*** EXERCISE DATA ***

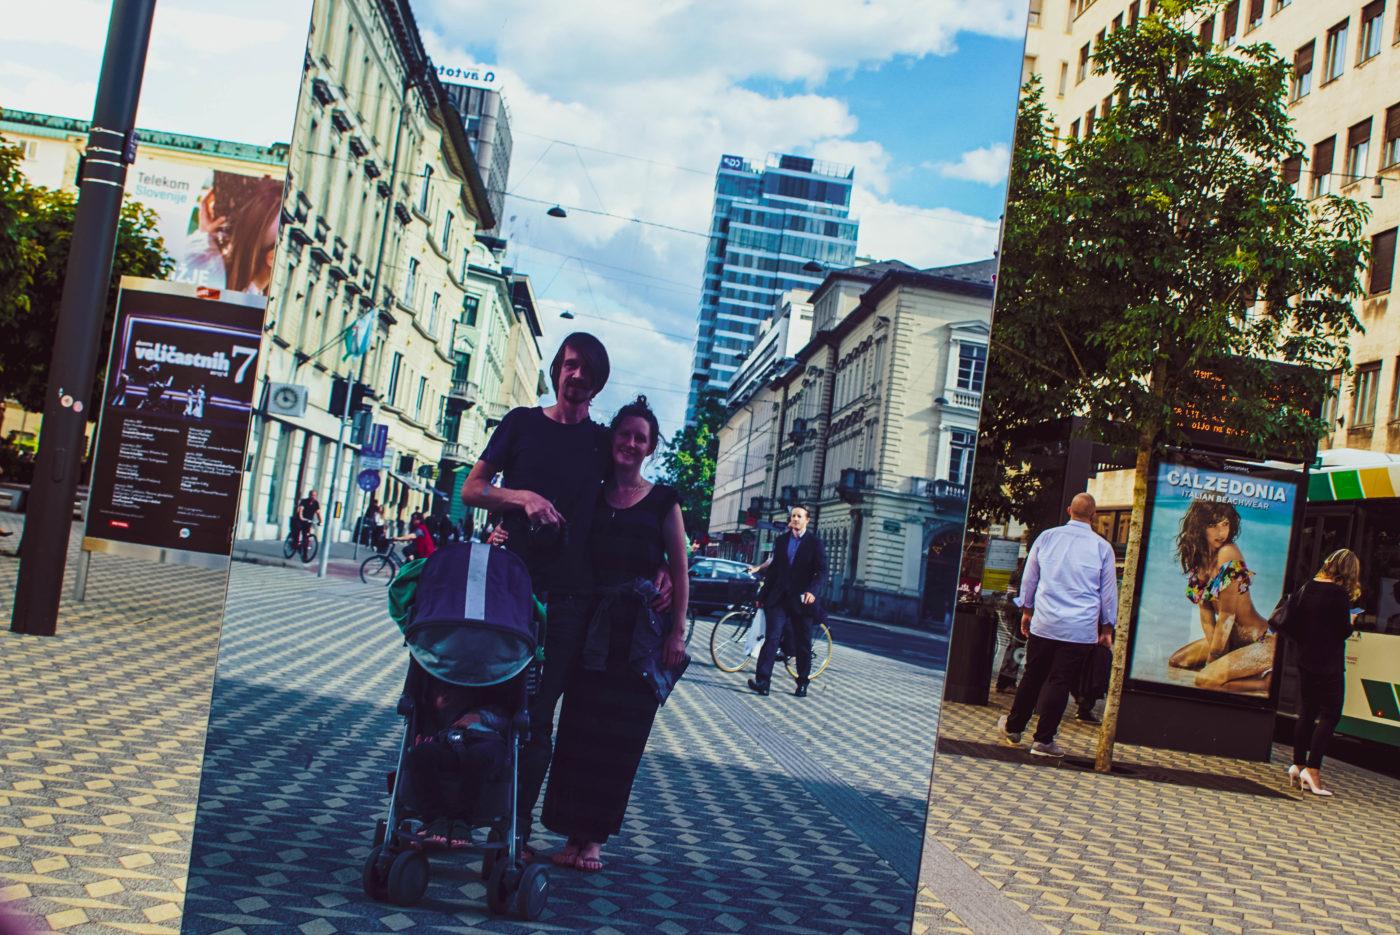 Zu sehen ist die Fußgängerzone von Ljubjana. Wir stehen vor einem Spiegel, so dass wir und die Stadt dahinter bläulich erscheinen.
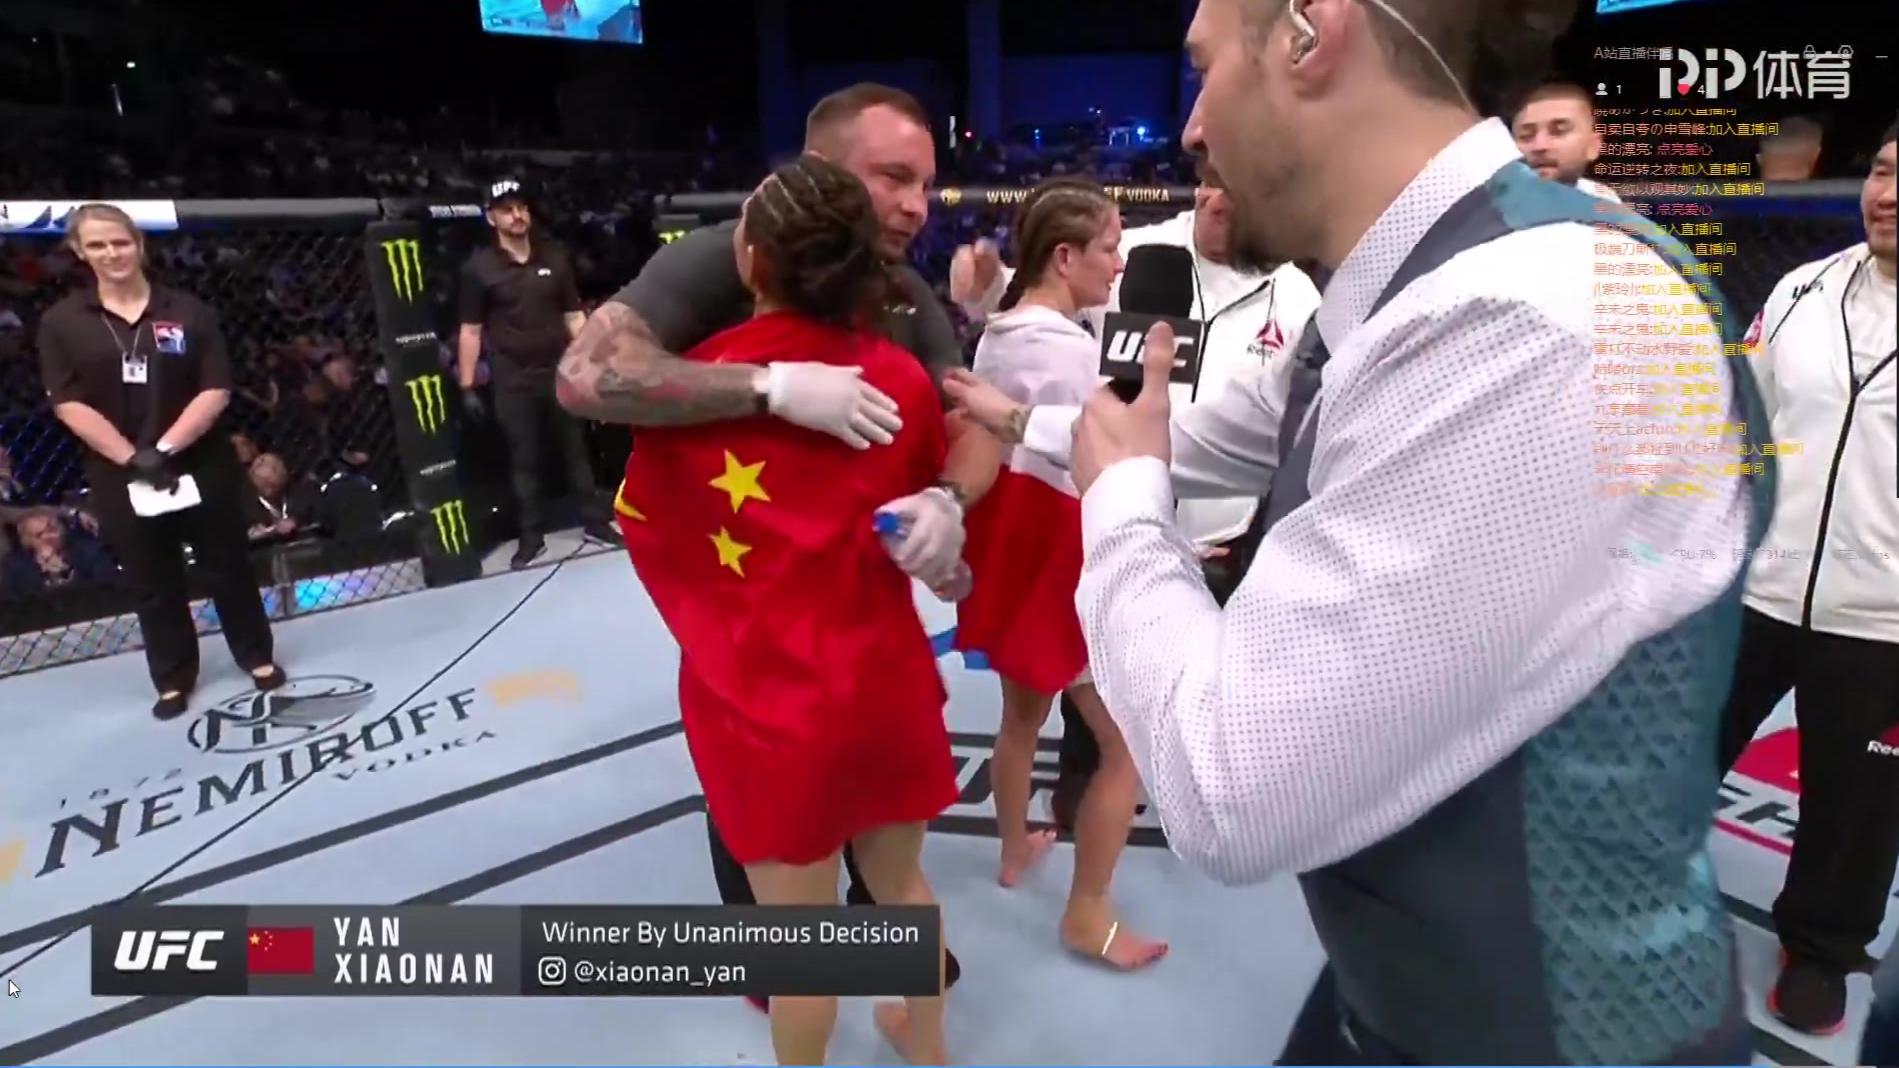 UFC中国选手闫xiaonan
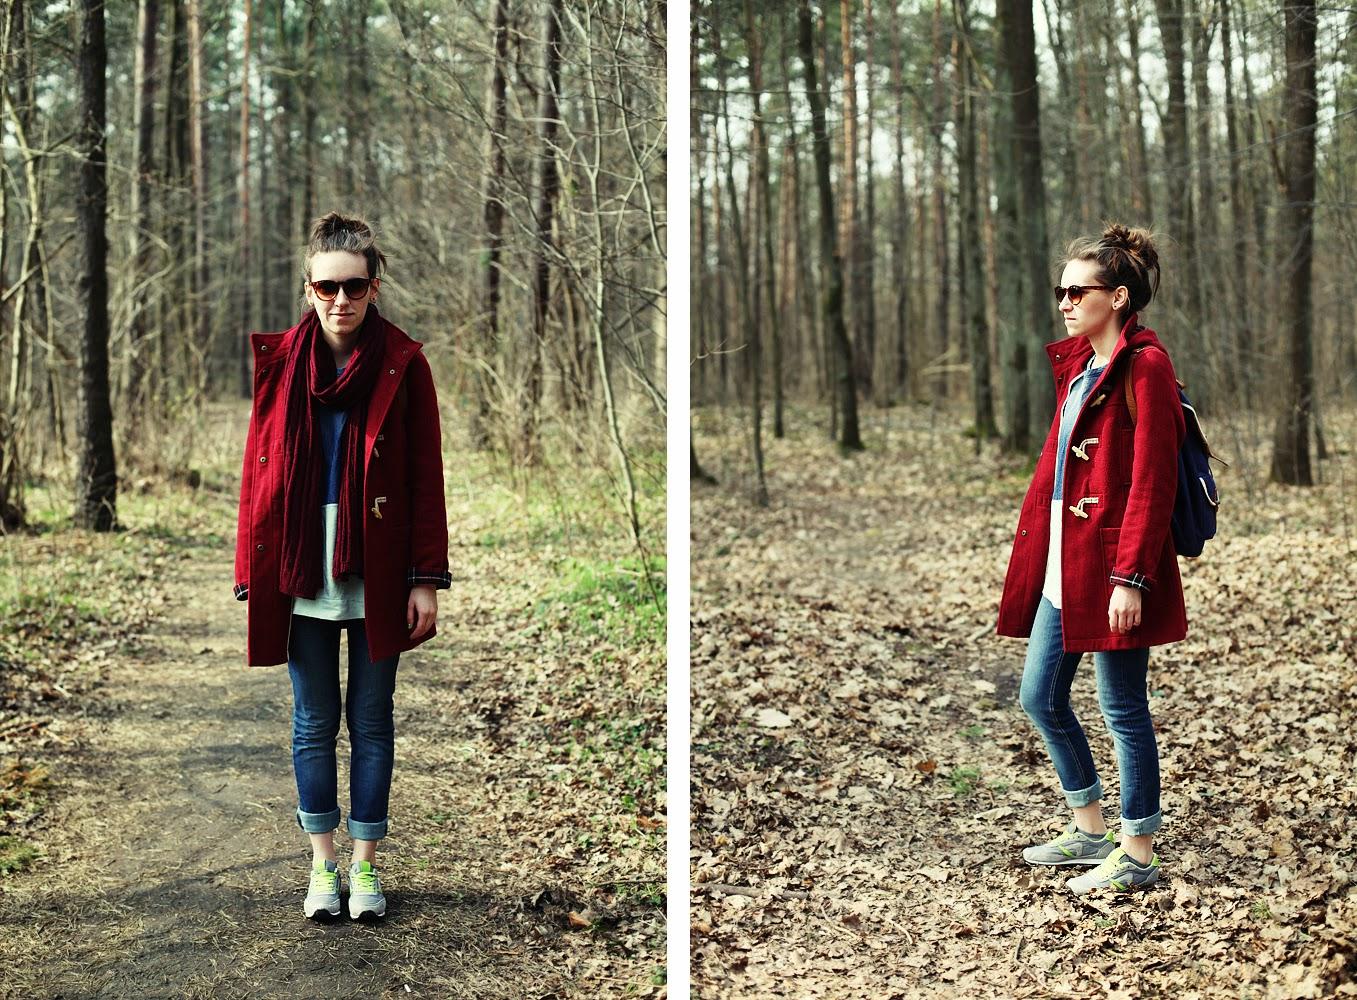 dzien wiosny stylizacja blog fashion moniusza outfit of the day ootd
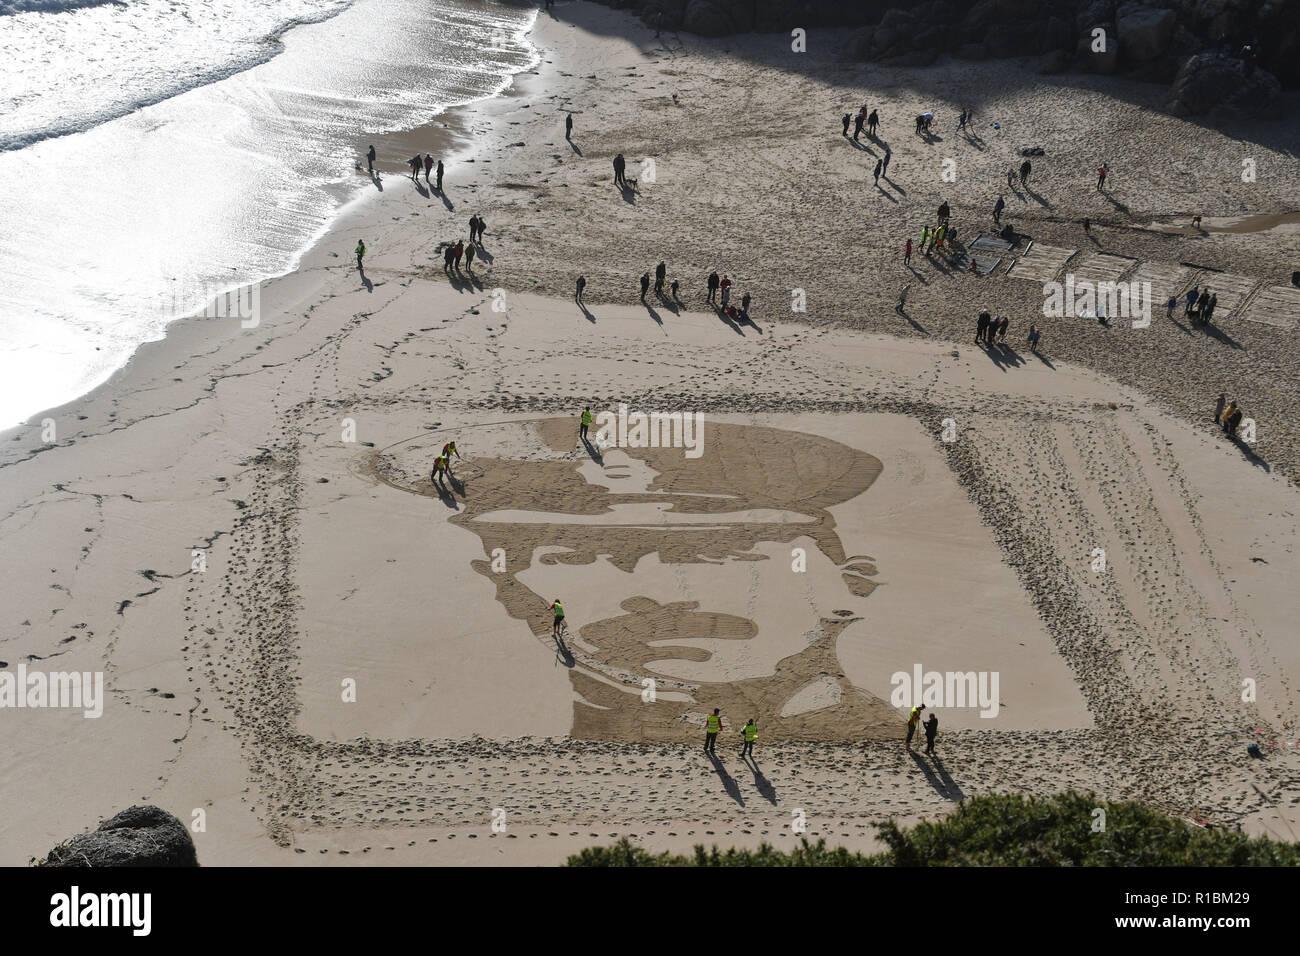 Porthcurno, Cornwall, UK. 11 Nov, 2018. Eine Giant Sand Bilder war am Strand im Porthcurno heute gemacht. Es war Teil der 14-18 Jetzt kunst Kommissionen. Dieses Bild depects RICHARD CHARLES GRÄBER - SAWLE Coldstream Guards Alter: 26 TODESTAG: 02.11.1914, Sohn von konteradmiral Sir Charles Graves-Sawle, 4 Bart, und Lady Graves-Sawle, 60, Queen's Gate, London; Ehemann von Muriel Heaton-Ellis (jetzt Frau A.L.C. Cavendish). Foto: Simon Maycock/Alamy leben Nachrichten Stockfoto

*** End of EXERCISE DATA ***

» ACTIVITY:
Pictures in the listing above must be skipped; everything else should be copied exactly.

» SOLUTION FOR THIS TASK:
 Zu sehen ist die Fußgängerzone von Ljubjana. Wir stehen vor einem Spiegel, so dass wir und die Stadt dahinter bläulich erscheinen.
 UFC中国选手闫xiaonan
 dzien wiosny stylizacja blog fashion moniusza outfit of the day ootd
 Porthcurno, Cornwall, UK. 11 Nov, 2018. Eine Giant Sand Bilder war am Strand im Porthcurno heute gemacht. Es war Teil der 14-18 Jetzt kunst Kommissionen. Dieses Bild depects RICHARD CHARLES GRÄBER - SAWLE Coldstream Guards Alter: 26 TODESTAG: 02.11.1914, Sohn von konteradmiral Sir Charles Graves-Sawle, 4 Bart, und Lady Graves-Sawle, 60, Queen's Gate, London; Ehemann von Muriel Heaton-Ellis (jetzt Frau A.L.C. Cavendish). Foto: Simon Maycock/Alamy leben Nachrichten Stockfoto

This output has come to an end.